November soybeans closed at $10.57 per bushel, down 49.75c and had touched off trailing sell stops early in the session. The dry weather allowed U.S. farmers to accelerate the harvest and that along with beneficial rains in Brazil and Argentina prompted the long liquidation. We continue to favor soybeans in the group but would wait for further information on the harvest and on whether or not the rains in the South American growing areas did in fact have a positive effect on crops. Weather remains a factor for soybeans.
Coffee, Cocoa and Sugar: December coffee closed at $1.8375 per pound, up 7 points and at current levels we prefer the sidelines. December cocoa closed at $2,783 per tonne, down $31 in light trade Friday even as political turmoil continued in Ecuador. Since only 4% of the worlds production is from Ecuador, no real attention was paid by traders. We don’t expect much in the way of activity pending results of West African harvests. Stay out. March sugar closed at 23.32c per pound, down 1.72c on profittaking after recent gains. Beneficial rains in Brazil offset earlier concerns of drought and prompted the selling. We prefer the sidelines in sugar.

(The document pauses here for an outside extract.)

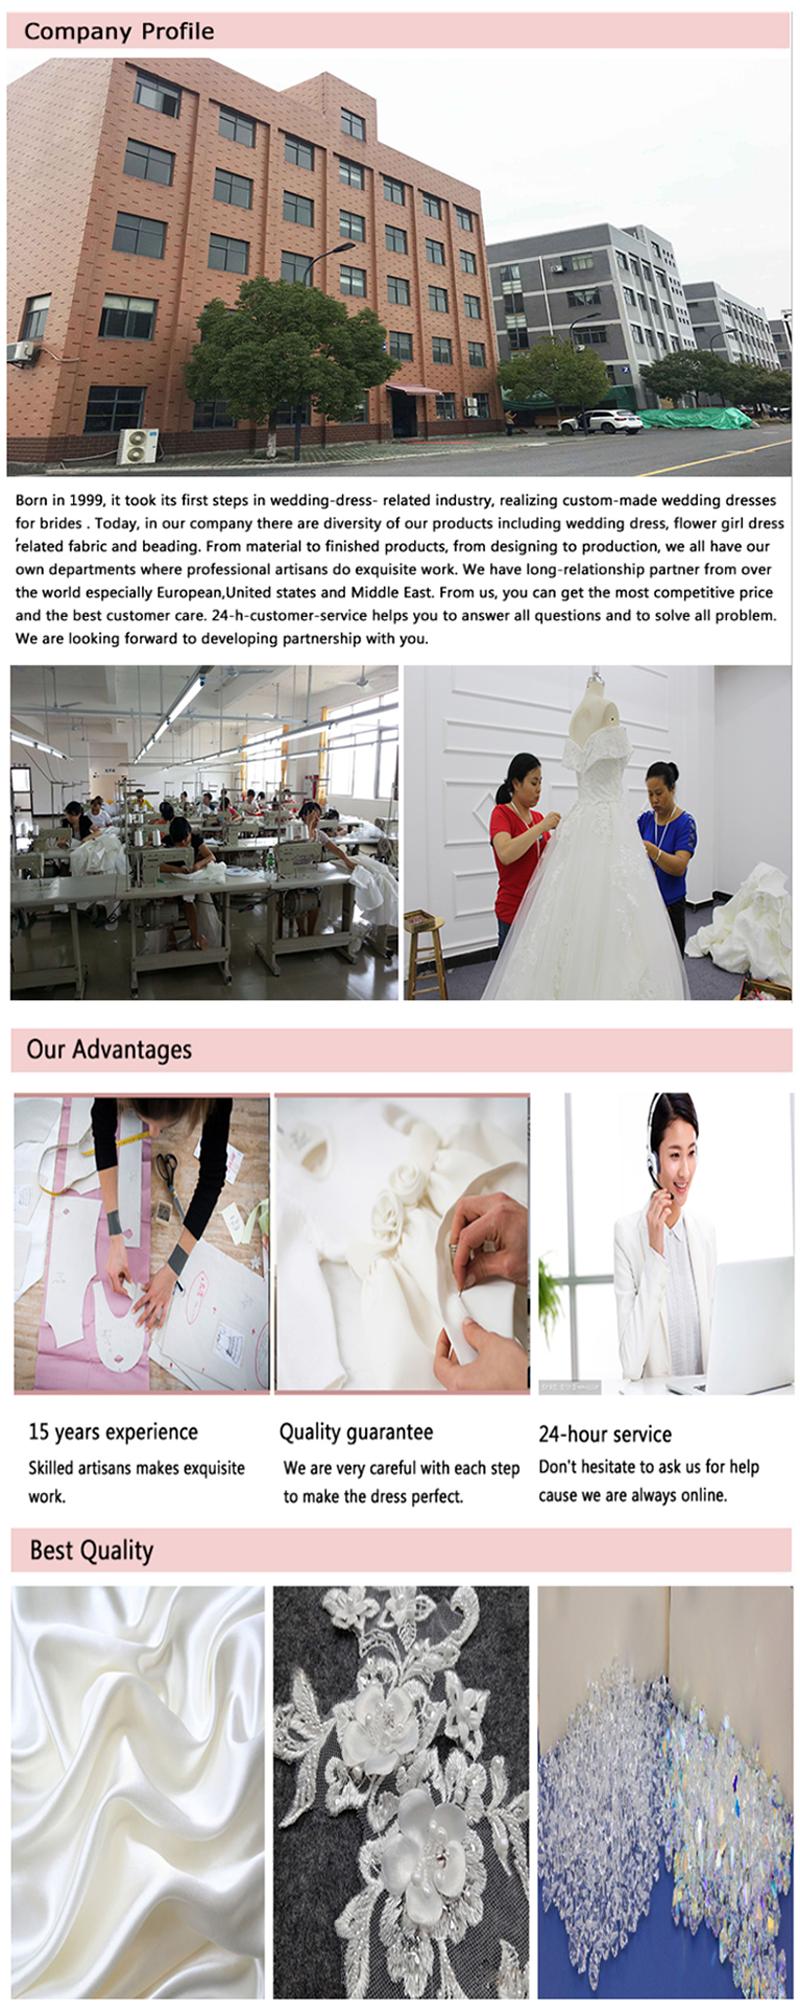 Eslieb 2019 Luxe Bridal Veils 3.5 meters Lange Lace Edge Applicaties Bedekt Gezicht Laag Afgeronde Groothandel Prijs Sluier met Kam

Cotton: December cotton closed at 98.02c per pound, down 3.9c. Cotton has benefited by the flood damage in Pakistan and China in August causing concern of global shortages. Cotton had traded as high as $1.0519 per pound on September 28th and after reports of above average harvest expected in the U.S. and concern over that could show above average harvesting. Also, India had indicated that a ministerial panel declared “exporters could begin taking registrations as scheduled” lessened the concern over previous indications that India would ban exports until domestic mills were satisfied. We prefer the sidelines but any drop in price to the 90-92c level in cotton would be our signal to turn bullish again.
John L. Caiazzo
Information provided is from sources deemed to be reliable but not guaranteed. Futures and Options trading involve a high degree of risk and may not be suitable for everyone. John Caiazzo is a registered commodities broker with over 40 years experience in investments and opinions are his own and not of the Futures Commission Merchant to which he introduces his clients.